■ Task instructions:
Start at the line below containing "Crean la delegación" and stop at the line containing "Web Master Company". Repeat every line of that stretch exactly, and nothing outside it.

■ Entries shown:
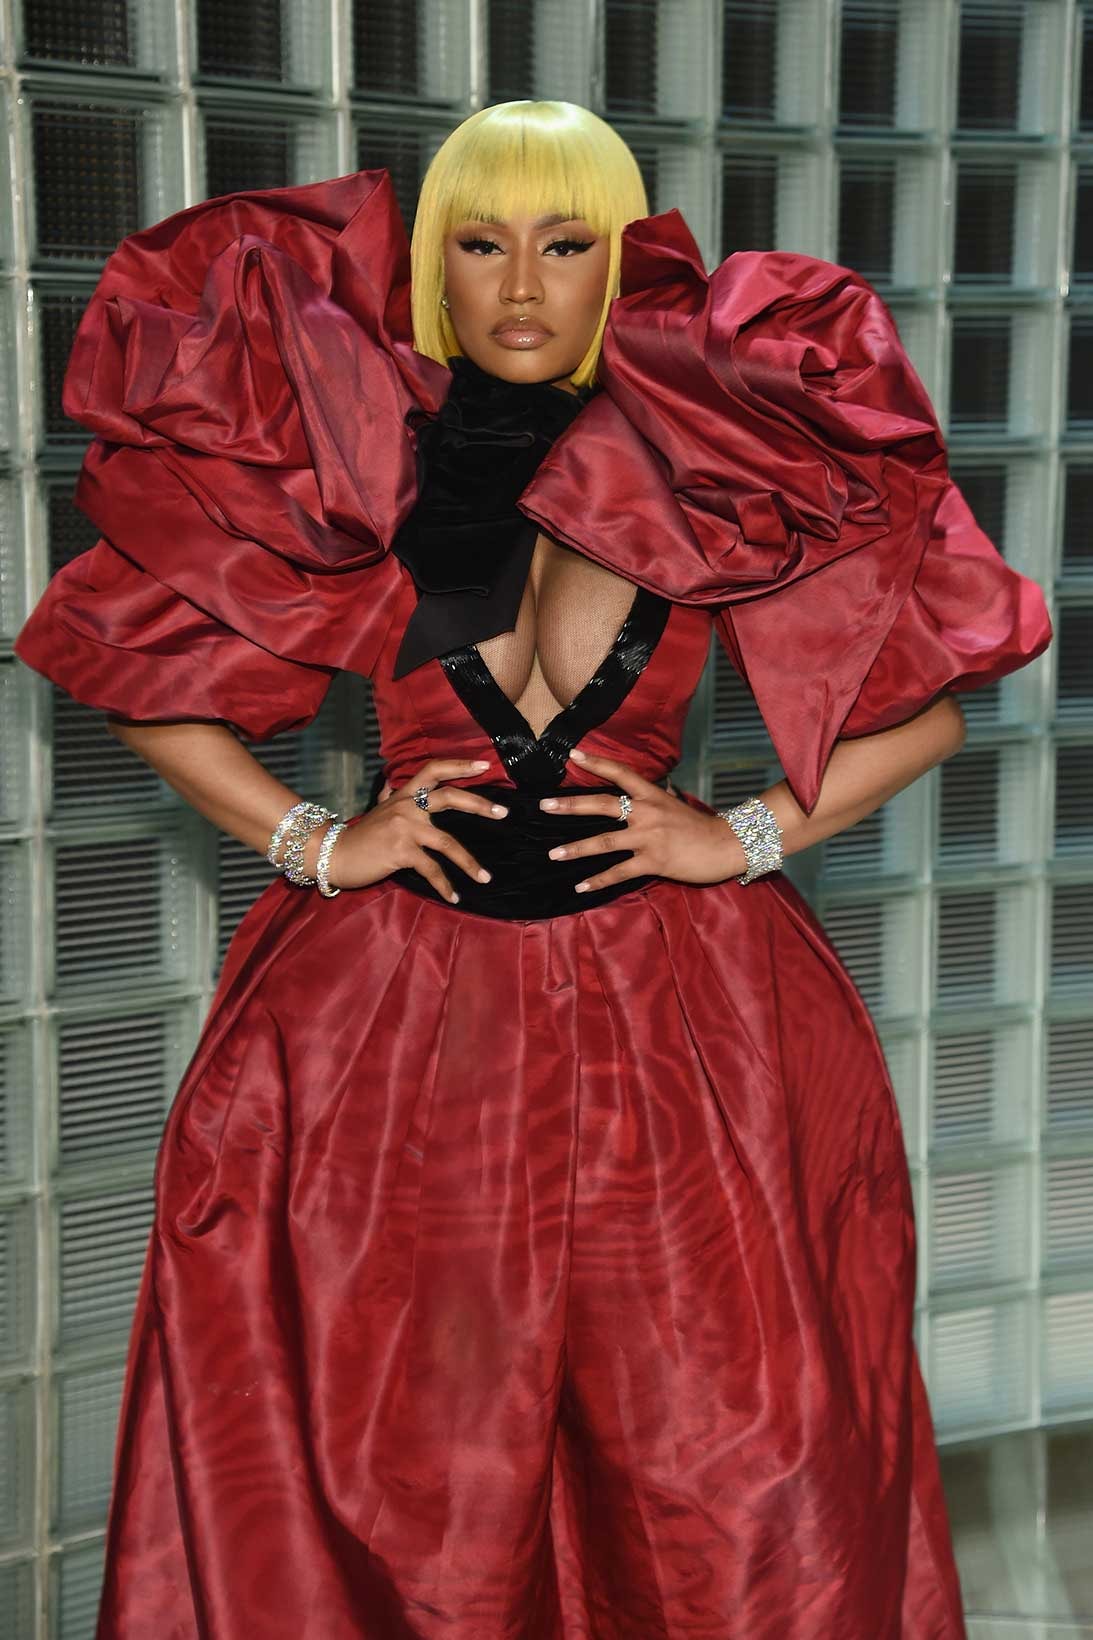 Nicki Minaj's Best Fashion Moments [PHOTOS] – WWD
==
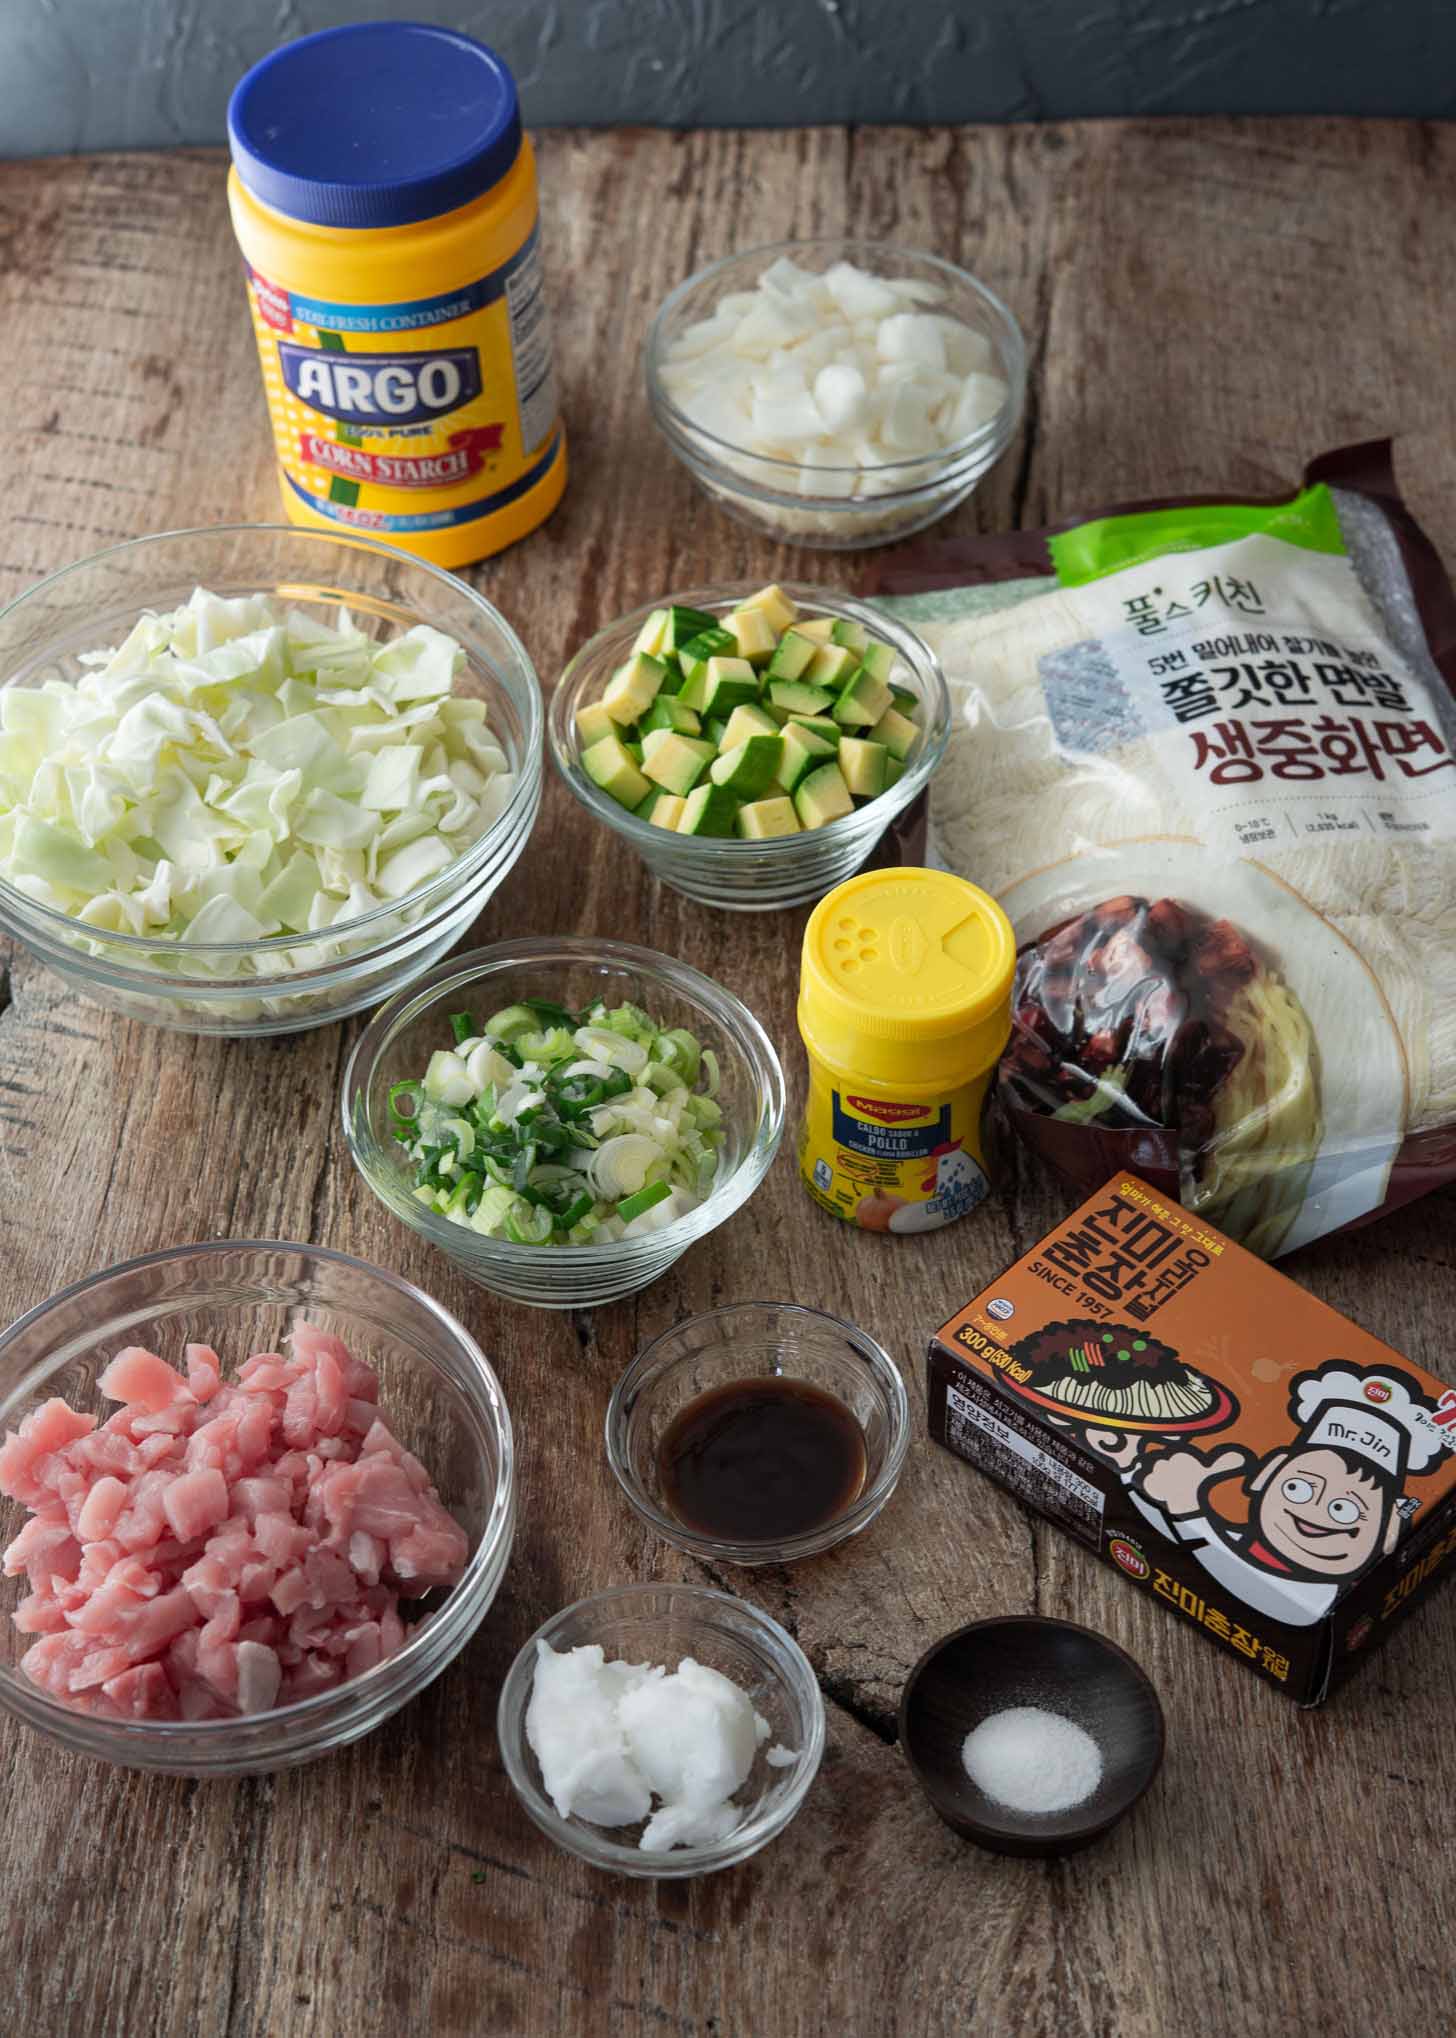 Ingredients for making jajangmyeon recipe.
* * *
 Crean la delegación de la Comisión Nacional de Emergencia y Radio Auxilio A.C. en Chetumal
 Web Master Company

■ Output below:
 Crean la delegación de la Comisión Nacional de Emergencia y Radio Auxilio A.C. en Chetumal
 Web Master Company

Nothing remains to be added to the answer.